65% back higher taxes on rich
Even 40% of Republicans like Obama's proposal to make the rich pay more, according to a new poll. But voters still would rather cut spending than hike taxes.
This post is by Alan Fram of The Associated Press.
Most people like President Barack Obama's proposal to make millionaires pay a significant share of their incomes in taxes. Yet they'd still rather cut spending than boost taxes to balance the federal budget, an Associated Press-GfK poll shows, giving Republicans an edge over Democrats in their core ideological dispute over the nation's fiscal ills.
The survey suggests that while Obama's election-year tax plan targeting people making at least $1 million a year has won broad support, it has done little to shift people's basic views in the long-running partisan war over how best to tame budget deficits that lately have exceeded $1 trillion annually.
"Everybody should be called to sacrifice.
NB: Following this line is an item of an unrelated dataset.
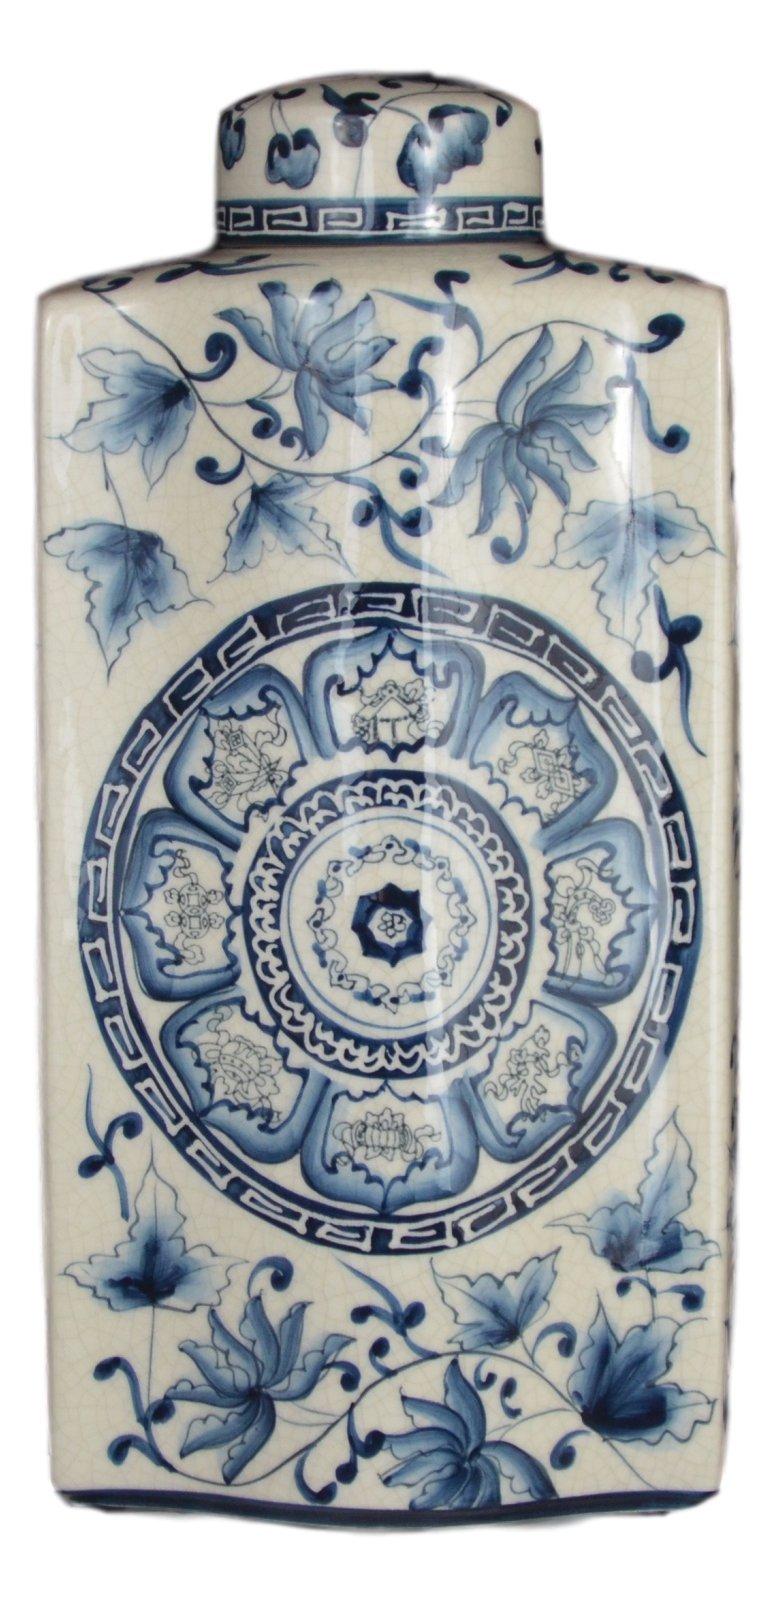 14'' Blue and White Porcelain Floral Long Flat Covered Jar Vase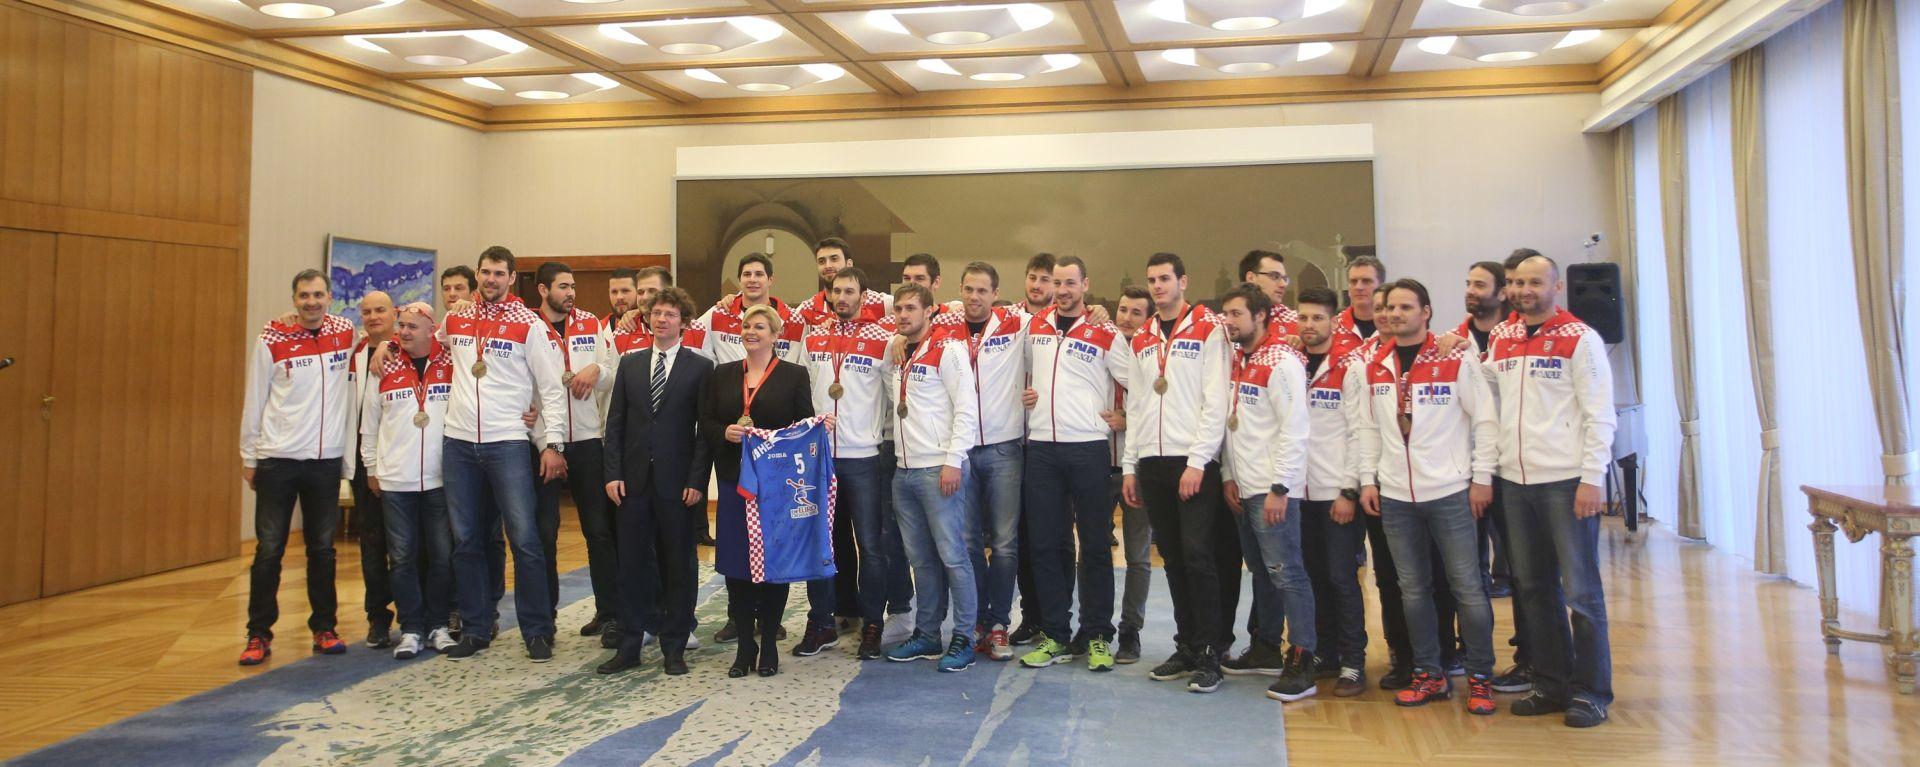 Predsjednica Grabar Kitarović primila brončane rukometaše

They should be in the pot with the rest of us," Mike Whittles, 62, a Republican and retired police officer from Point Pleasant, N.J., said of his support for Obama's tax proposal for the wealthy. But Whittles said he still prefers cutting government spending over raising taxes because of federal waste and what he calls "too many rules, too many regulations."
Sixty-five percent of the people in the AP-GfK poll favor Obama's plan to require people making $1 million or more pay taxes equal to at least 30% of their income. Just 26% opposed Obama's idea. (Post continues after video.)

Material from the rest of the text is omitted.